----- Extracted data

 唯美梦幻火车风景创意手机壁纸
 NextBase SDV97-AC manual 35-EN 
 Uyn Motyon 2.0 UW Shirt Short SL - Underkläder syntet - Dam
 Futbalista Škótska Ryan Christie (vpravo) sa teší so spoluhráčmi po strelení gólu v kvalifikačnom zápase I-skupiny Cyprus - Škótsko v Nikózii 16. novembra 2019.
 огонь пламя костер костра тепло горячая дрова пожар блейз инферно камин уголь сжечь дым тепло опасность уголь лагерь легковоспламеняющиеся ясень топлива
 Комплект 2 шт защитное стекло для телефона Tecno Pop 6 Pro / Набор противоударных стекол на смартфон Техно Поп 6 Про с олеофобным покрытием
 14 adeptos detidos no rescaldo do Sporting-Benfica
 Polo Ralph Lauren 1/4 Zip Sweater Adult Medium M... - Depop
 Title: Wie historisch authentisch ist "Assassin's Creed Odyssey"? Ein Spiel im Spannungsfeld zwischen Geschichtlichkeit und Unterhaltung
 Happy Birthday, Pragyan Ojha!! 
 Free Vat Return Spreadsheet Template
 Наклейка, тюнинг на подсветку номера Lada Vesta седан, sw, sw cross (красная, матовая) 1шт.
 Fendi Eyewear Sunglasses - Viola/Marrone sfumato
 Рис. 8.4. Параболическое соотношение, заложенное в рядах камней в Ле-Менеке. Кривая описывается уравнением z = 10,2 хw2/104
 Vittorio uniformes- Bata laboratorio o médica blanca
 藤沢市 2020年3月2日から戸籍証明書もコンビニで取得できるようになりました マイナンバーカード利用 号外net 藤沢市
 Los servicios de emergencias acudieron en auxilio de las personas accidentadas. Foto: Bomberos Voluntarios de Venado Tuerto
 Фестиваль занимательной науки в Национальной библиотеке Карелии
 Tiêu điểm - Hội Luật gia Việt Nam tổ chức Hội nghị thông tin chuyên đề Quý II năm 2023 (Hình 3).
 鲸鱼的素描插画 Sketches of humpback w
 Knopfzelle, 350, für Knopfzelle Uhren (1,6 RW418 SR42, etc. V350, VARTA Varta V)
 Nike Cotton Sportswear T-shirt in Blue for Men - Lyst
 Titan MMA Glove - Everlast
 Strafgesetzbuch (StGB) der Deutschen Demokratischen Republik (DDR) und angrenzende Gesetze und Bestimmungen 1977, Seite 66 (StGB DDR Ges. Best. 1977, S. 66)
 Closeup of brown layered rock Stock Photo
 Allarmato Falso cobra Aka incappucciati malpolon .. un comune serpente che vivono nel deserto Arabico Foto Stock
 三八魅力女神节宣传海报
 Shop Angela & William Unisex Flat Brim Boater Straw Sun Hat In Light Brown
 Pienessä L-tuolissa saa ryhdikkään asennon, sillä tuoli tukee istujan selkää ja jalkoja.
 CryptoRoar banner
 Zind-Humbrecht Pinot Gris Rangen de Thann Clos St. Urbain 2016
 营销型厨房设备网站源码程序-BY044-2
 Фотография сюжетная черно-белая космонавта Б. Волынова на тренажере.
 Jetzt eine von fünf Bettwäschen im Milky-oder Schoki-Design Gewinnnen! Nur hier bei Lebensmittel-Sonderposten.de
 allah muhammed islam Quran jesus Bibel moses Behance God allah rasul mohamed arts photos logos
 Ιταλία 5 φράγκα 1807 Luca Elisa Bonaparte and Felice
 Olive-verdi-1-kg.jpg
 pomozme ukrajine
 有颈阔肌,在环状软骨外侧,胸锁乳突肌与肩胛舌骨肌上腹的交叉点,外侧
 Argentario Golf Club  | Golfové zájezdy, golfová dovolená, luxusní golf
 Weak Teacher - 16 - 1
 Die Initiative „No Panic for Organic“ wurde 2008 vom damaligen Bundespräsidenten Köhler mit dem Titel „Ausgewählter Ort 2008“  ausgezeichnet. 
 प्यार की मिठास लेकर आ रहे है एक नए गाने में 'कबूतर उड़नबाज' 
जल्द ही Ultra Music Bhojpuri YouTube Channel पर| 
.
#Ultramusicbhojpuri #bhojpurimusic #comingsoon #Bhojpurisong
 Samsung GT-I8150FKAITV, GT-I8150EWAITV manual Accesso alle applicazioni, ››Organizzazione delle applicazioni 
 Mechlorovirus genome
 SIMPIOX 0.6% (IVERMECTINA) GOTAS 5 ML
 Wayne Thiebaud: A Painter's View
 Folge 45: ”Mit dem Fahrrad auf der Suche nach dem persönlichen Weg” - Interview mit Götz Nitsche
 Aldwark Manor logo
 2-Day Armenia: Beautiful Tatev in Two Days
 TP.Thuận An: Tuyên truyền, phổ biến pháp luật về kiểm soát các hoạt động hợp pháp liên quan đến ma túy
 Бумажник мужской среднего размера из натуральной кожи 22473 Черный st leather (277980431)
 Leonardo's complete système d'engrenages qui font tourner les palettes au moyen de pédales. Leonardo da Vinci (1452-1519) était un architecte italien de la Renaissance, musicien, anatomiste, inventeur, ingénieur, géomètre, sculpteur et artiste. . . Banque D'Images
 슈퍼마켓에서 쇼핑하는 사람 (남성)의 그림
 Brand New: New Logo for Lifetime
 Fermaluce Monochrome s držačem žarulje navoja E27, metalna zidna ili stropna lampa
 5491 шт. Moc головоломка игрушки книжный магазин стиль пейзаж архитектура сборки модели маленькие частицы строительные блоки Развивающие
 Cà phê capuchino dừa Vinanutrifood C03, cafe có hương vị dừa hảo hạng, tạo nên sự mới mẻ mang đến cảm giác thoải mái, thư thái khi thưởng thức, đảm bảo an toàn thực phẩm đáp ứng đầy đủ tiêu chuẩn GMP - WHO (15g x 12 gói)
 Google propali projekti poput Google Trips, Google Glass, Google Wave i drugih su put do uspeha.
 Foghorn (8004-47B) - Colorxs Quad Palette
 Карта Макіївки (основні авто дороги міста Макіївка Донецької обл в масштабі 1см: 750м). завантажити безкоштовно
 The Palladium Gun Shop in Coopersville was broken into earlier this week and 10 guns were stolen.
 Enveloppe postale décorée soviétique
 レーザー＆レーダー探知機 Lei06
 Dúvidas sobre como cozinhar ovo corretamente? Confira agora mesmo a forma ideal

----------

### Exercise goal
Which lines above run from the one containing "Happy Birthday, Pragyan Ojha!!" to the one containing "Nike Cotton Sportswear"? Give them again exactly, both ends included.

### Exercise response
 Happy Birthday, Pragyan Ojha!! 
 Free Vat Return Spreadsheet Template
 Наклейка, тюнинг на подсветку номера Lada Vesta седан, sw, sw cross (красная, матовая) 1шт.
 Fendi Eyewear Sunglasses - Viola/Marrone sfumato
 Рис. 8.4. Параболическое соотношение, заложенное в рядах камней в Ле-Менеке. Кривая описывается уравнением z = 10,2 хw2/104
 Vittorio uniformes- Bata laboratorio o médica blanca
 藤沢市 2020年3月2日から戸籍証明書もコンビニで取得できるようになりました マイナンバーカード利用 号外net 藤沢市
 Los servicios de emergencias acudieron en auxilio de las personas accidentadas. Foto: Bomberos Voluntarios de Venado Tuerto
 Фестиваль занимательной науки в Национальной библиотеке Карелии
 Tiêu điểm - Hội Luật gia Việt Nam tổ chức Hội nghị thông tin chuyên đề Quý II năm 2023 (Hình 3).
 鲸鱼的素描插画 Sketches of humpback w
 Knopfzelle, 350, für Knopfzelle Uhren (1,6 RW418 SR42, etc. V350, VARTA Varta V)
 Nike Cotton Sportswear T-shirt in Blue for Men - Lyst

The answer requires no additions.